■ Work to be completed
Please write out exactly the lines from the one with "This beautiful ring" through the end of the data below, both ends included, and omit any pictures.

■ Data to use
--*--

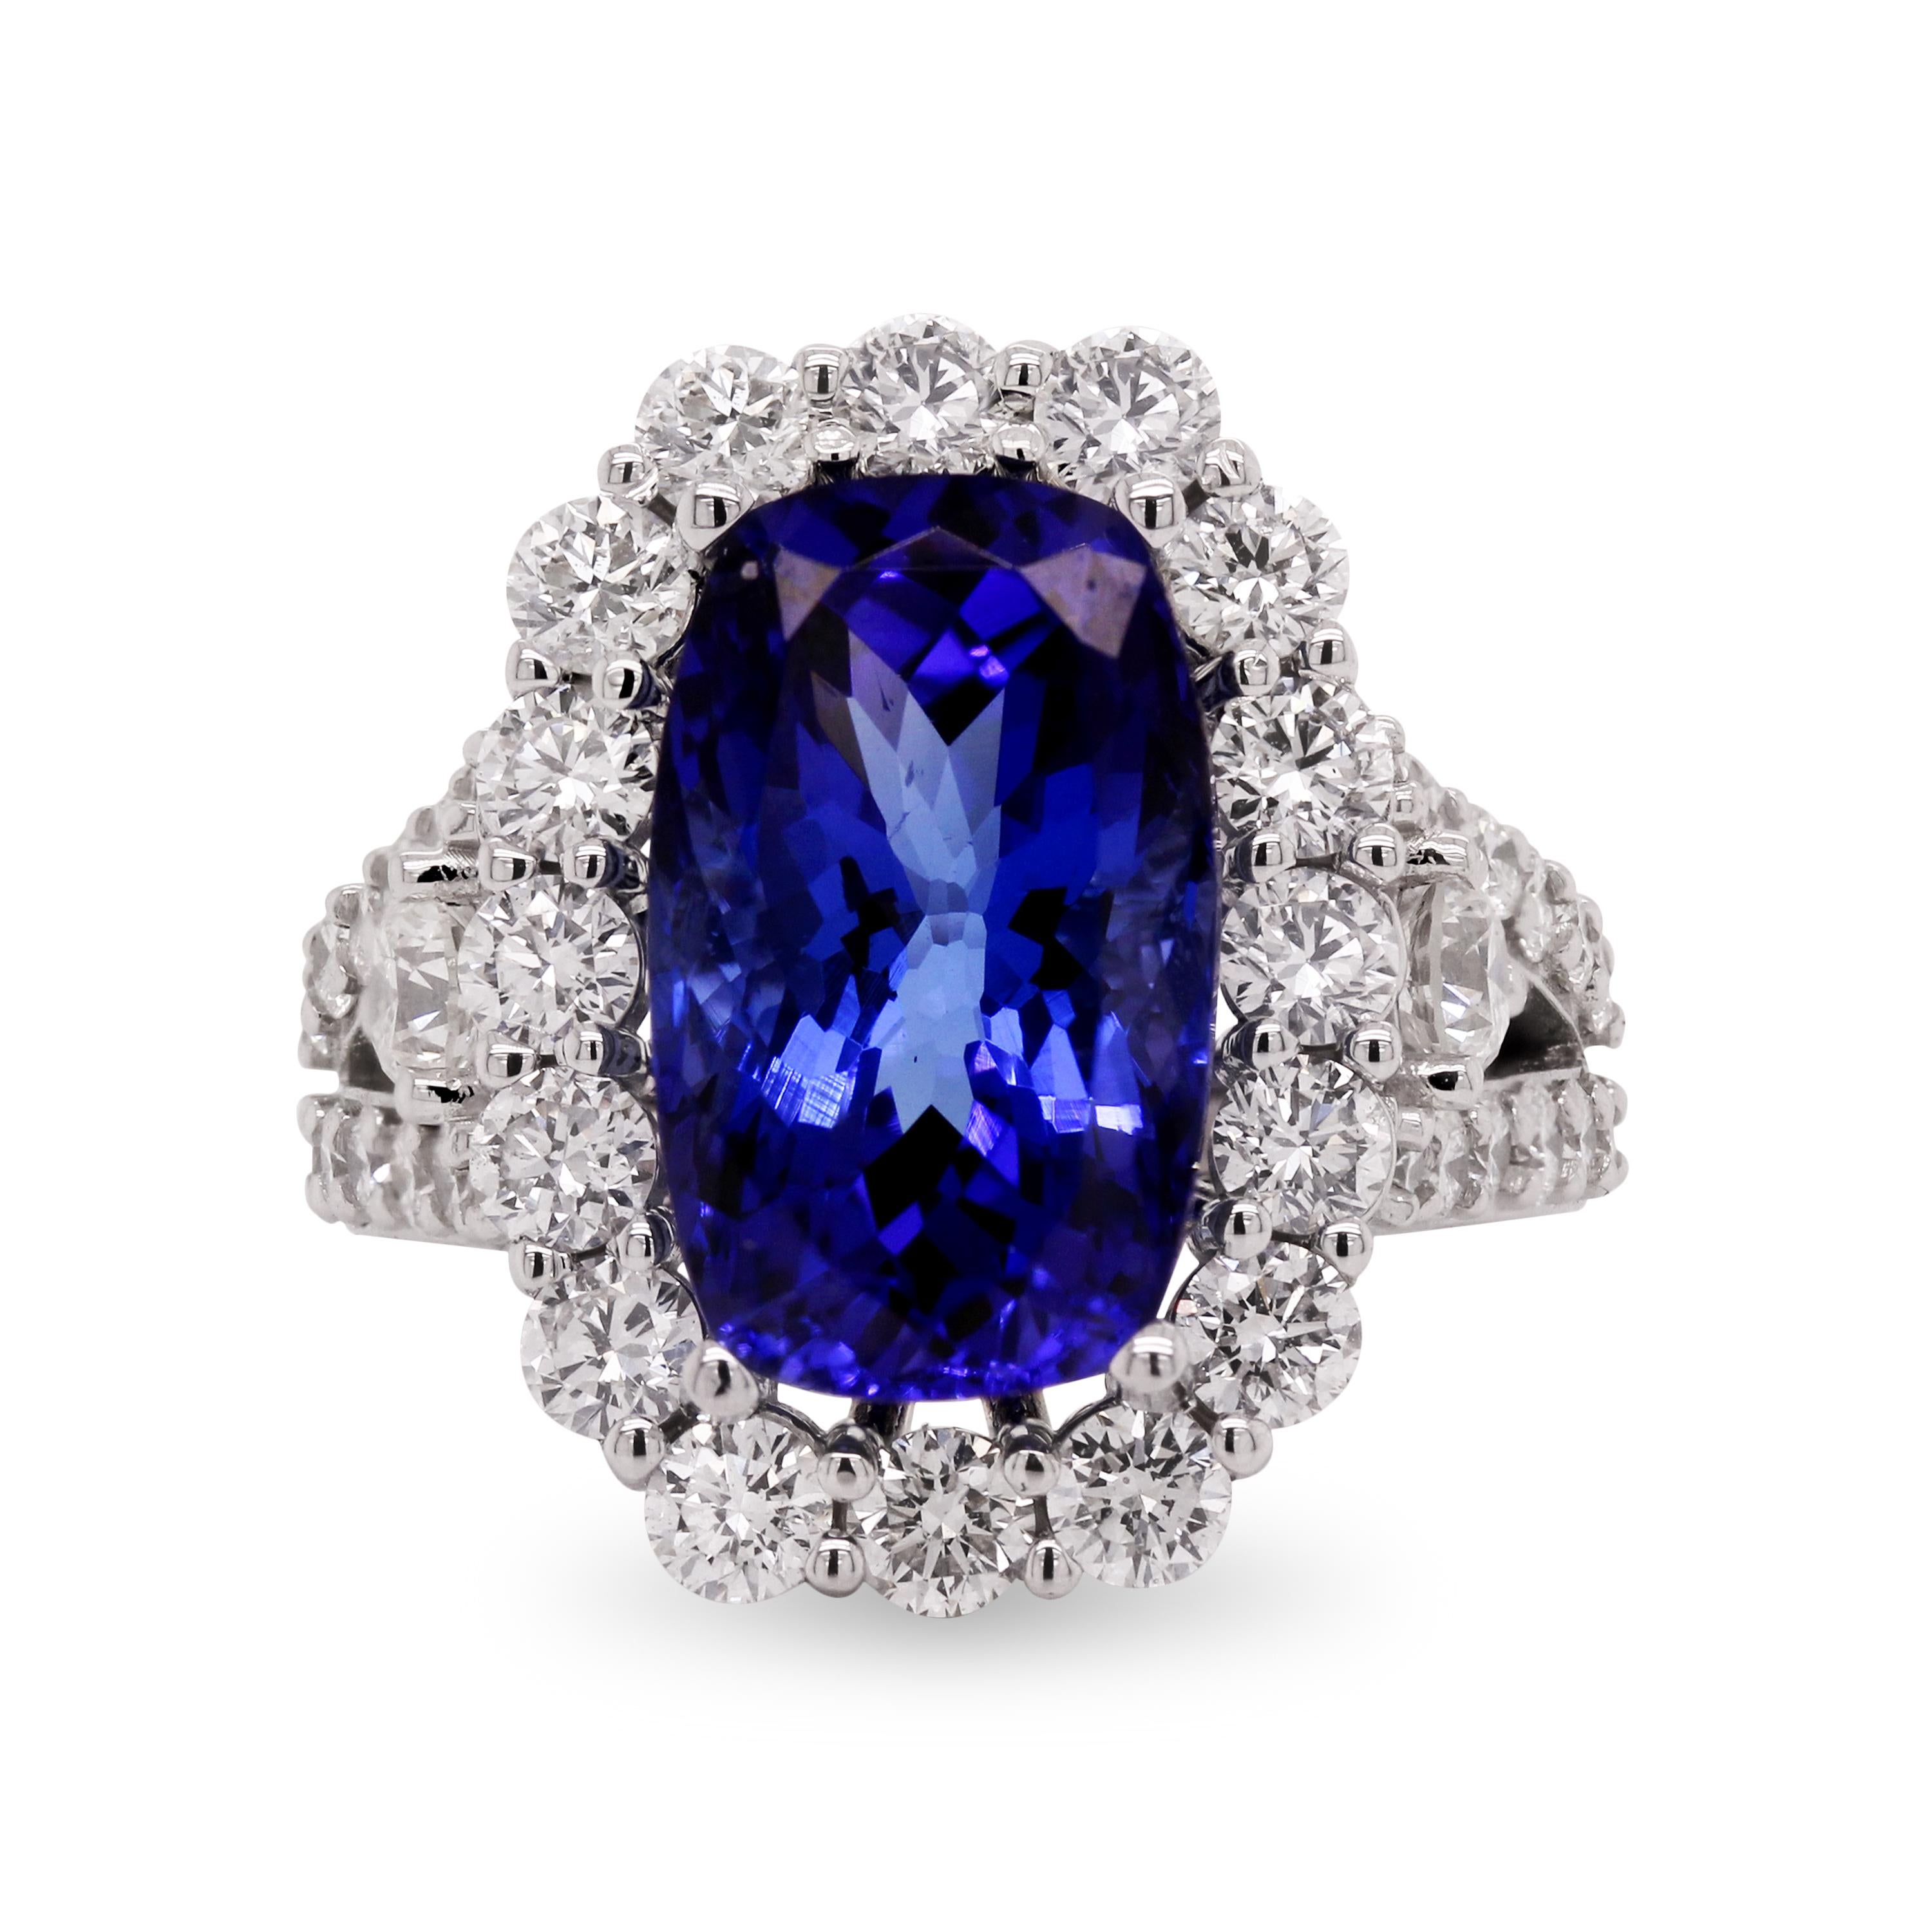 7.10 Carat Oval Cut 18 Karat White Gold Diamond Cocktail Ring

This beautiful ring features a vibrant, large Tanzanite center set in solid 18k white gold with diamonds all throughout.

7.10 carat Tanzanite center
3.45 carat G color, VS clarity
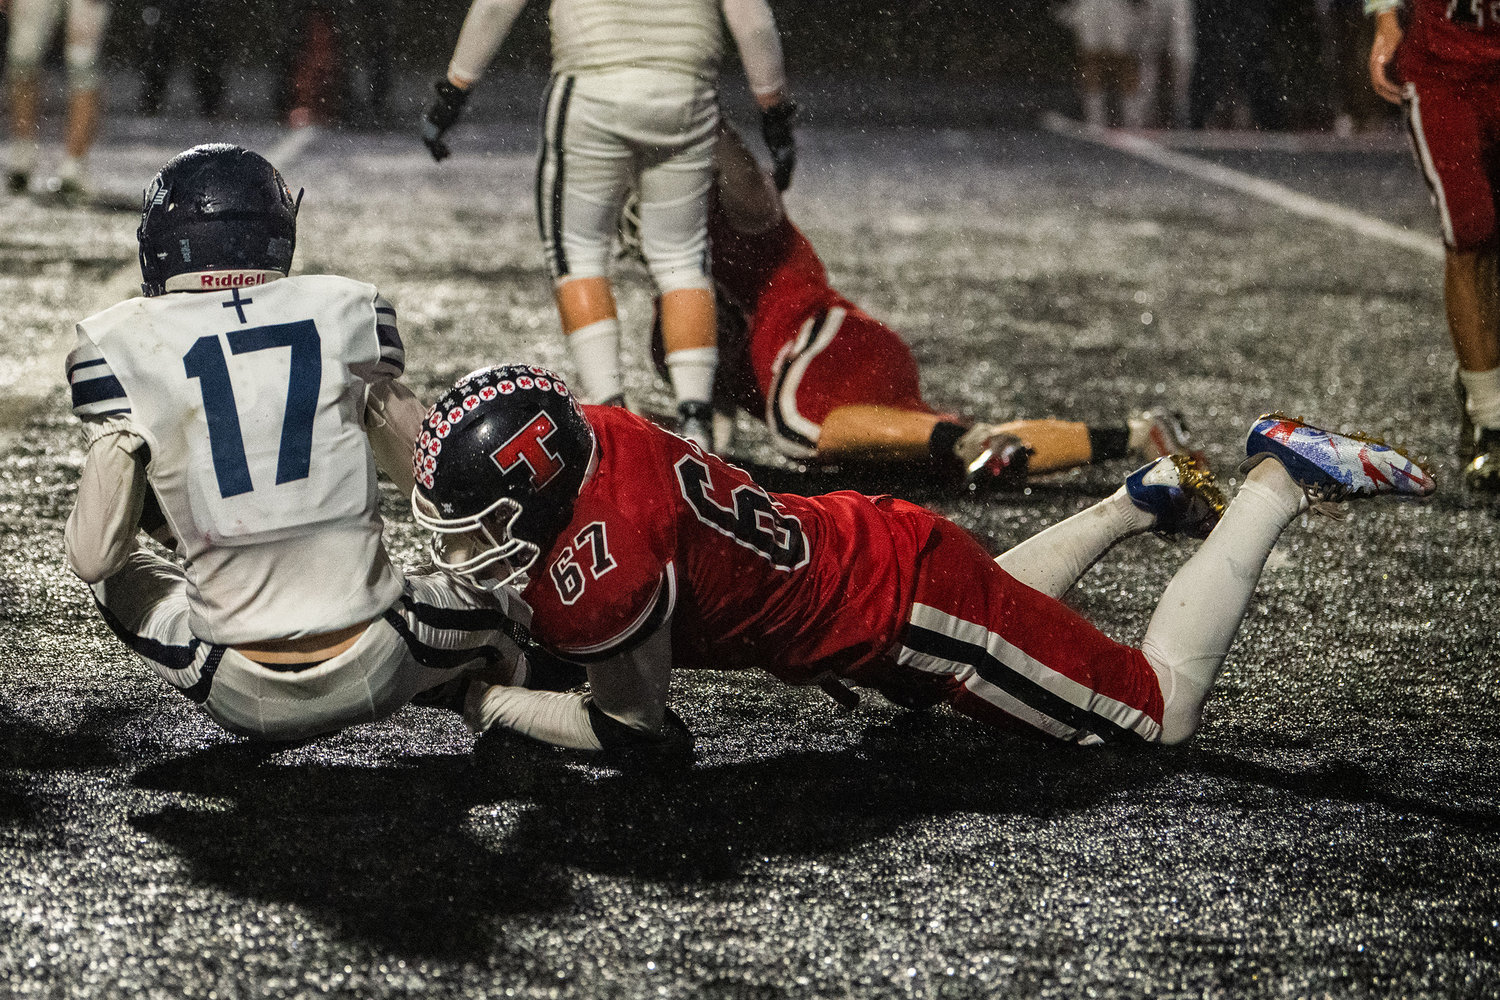 Tenino junior E.J. Haigler (67) makes a tackle Friday night at Beaver Stadium during a game against the King’s Way Christian Knights.
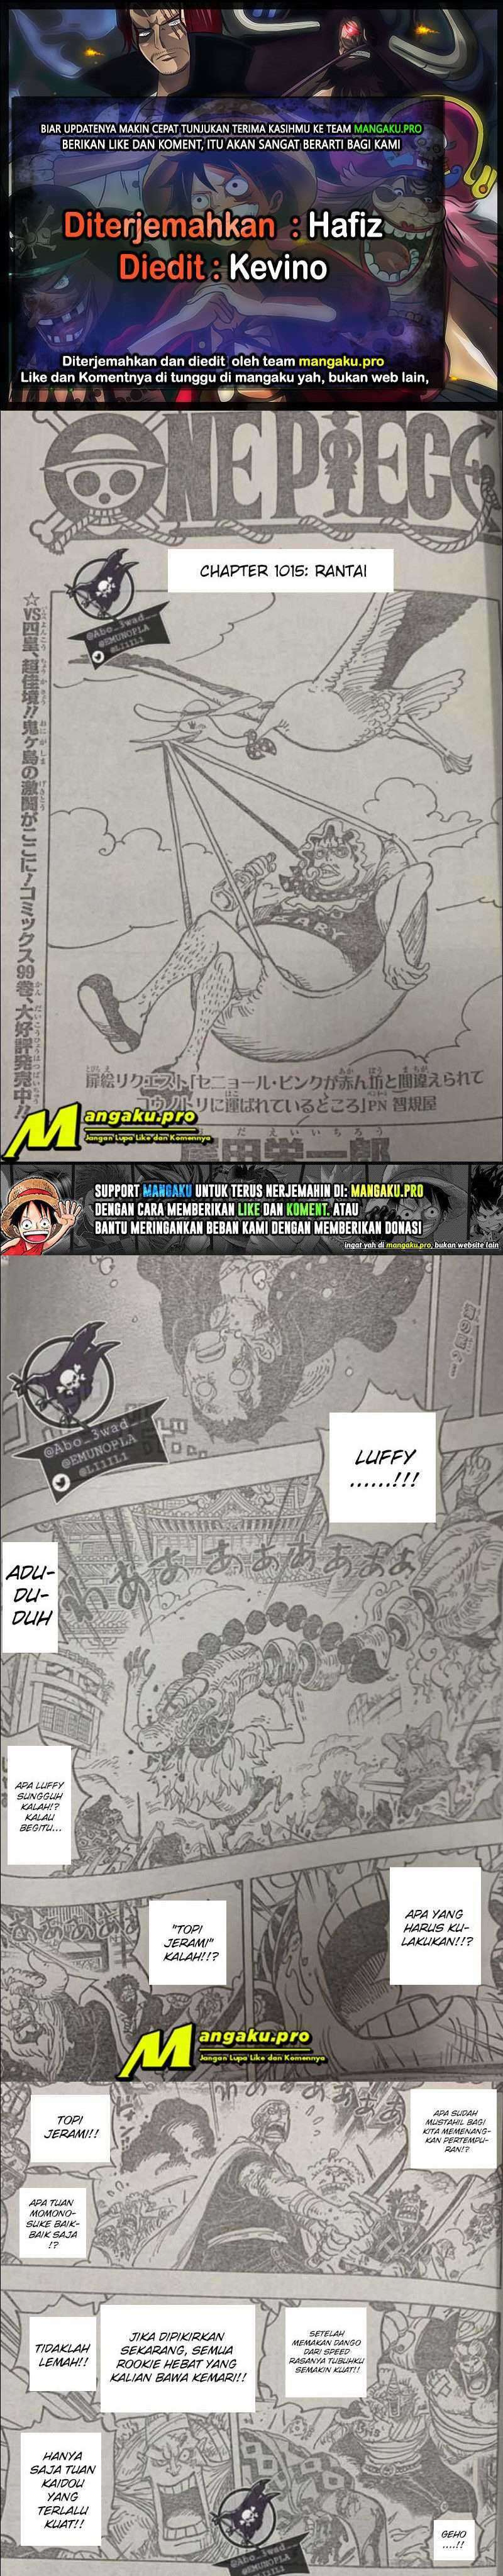 One Piece Chapter 1015 Lq - 37
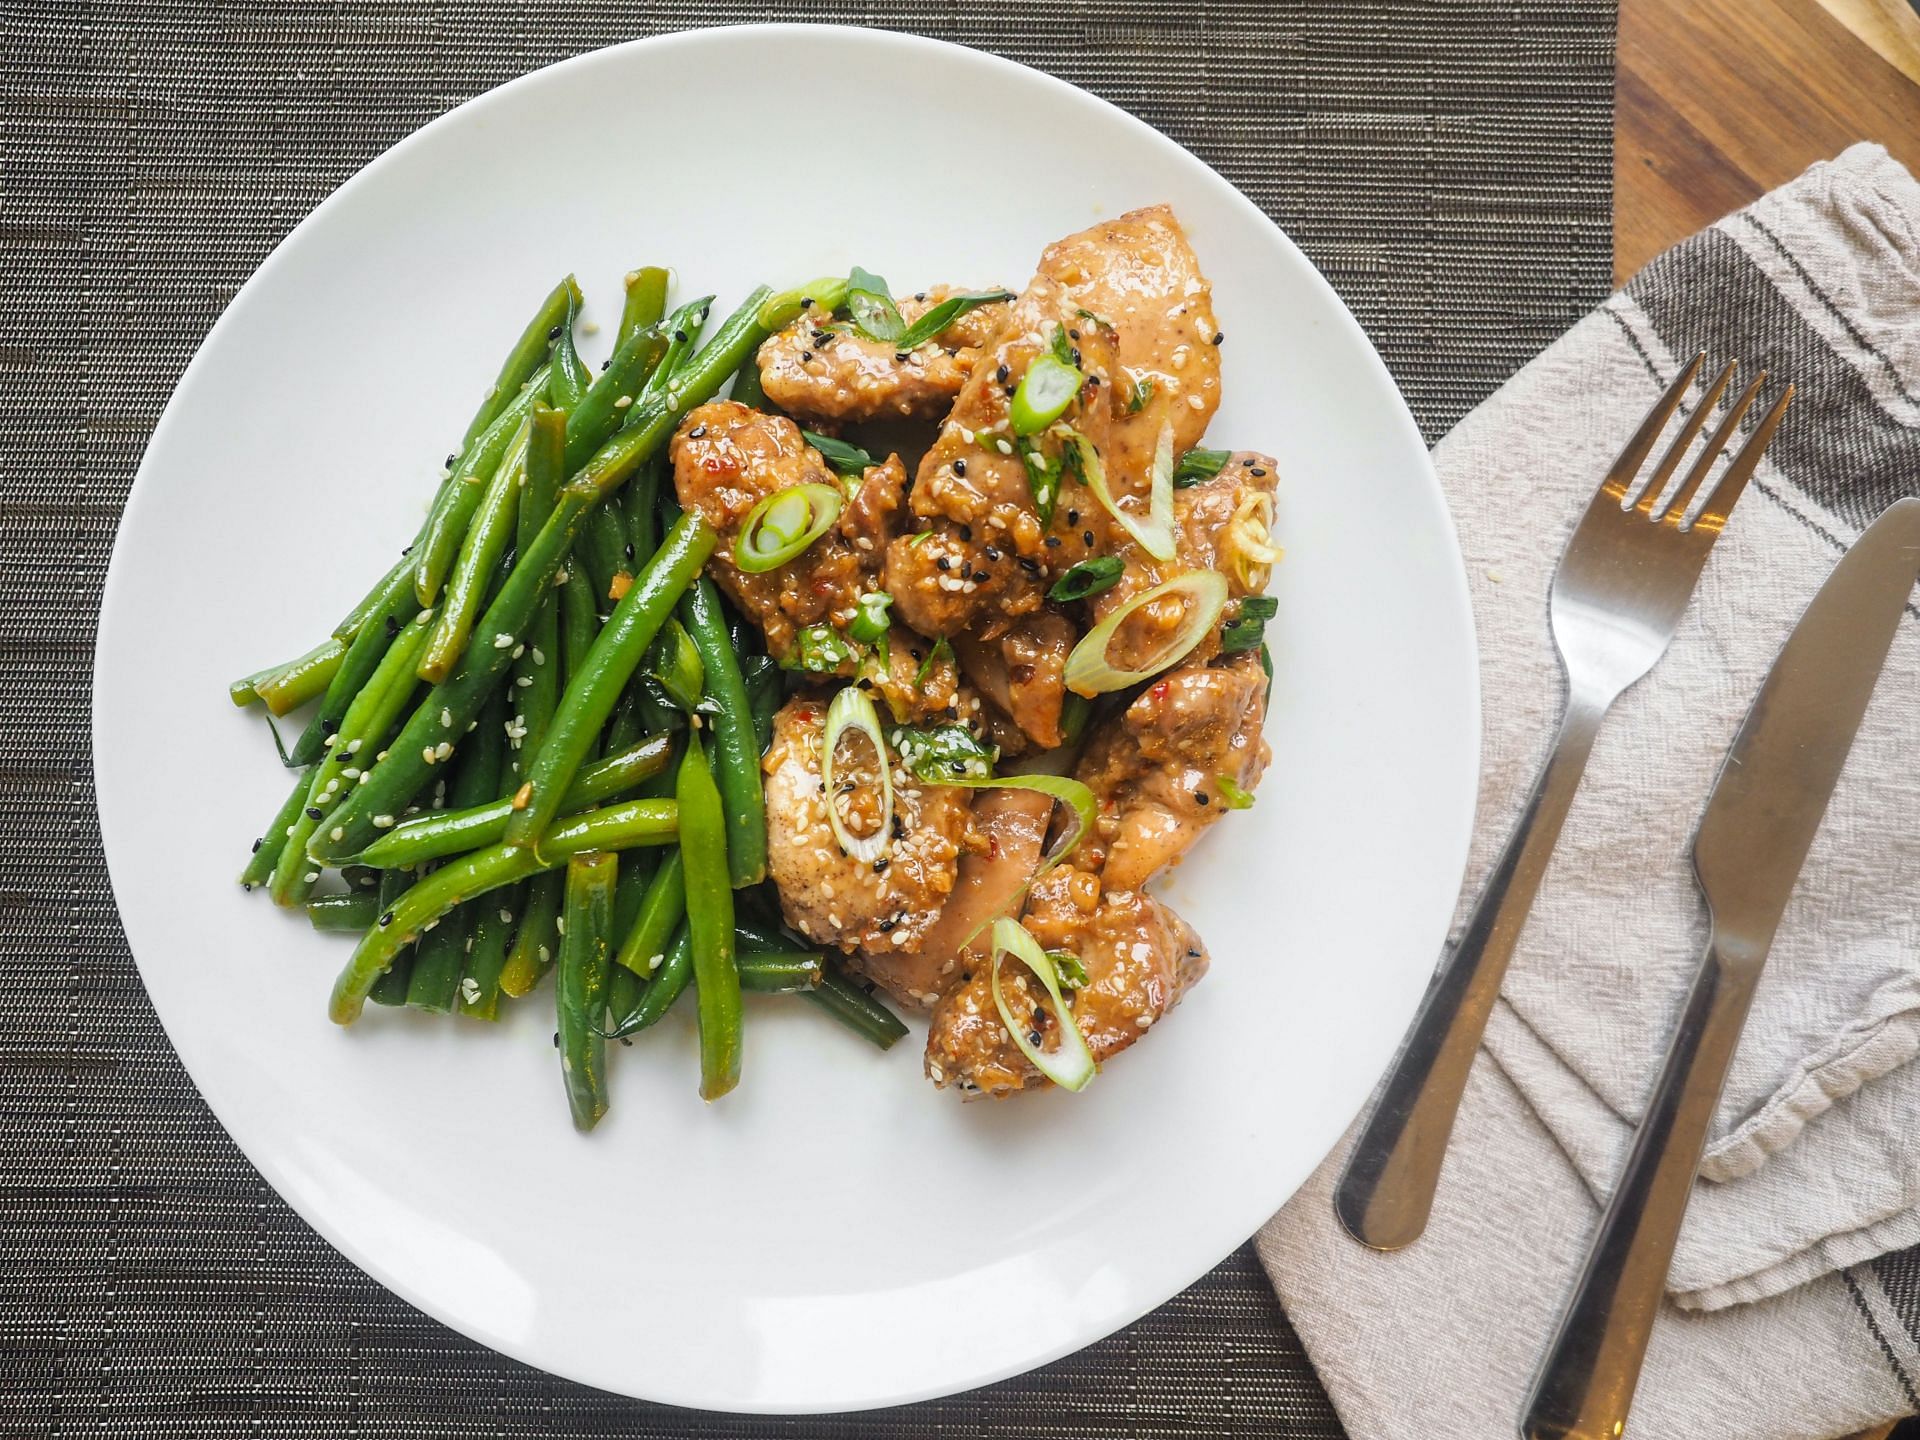 Use a larger plate to increase your appetite. (Image via Pexels)

--*--

■ Reply
This beautiful ring features a vibrant, large Tanzanite center set in solid 18k white gold with diamonds all throughout.

7.10 carat Tanzanite center
3.45 carat G color, VS clarity
 Tenino junior E.J. Haigler (67) makes a tackle Friday night at Beaver Stadium during a game against the King’s Way Christian Knights.
 One Piece Chapter 1015 Lq - 37
 Use a larger plate to increase your appetite. (Image via Pexels)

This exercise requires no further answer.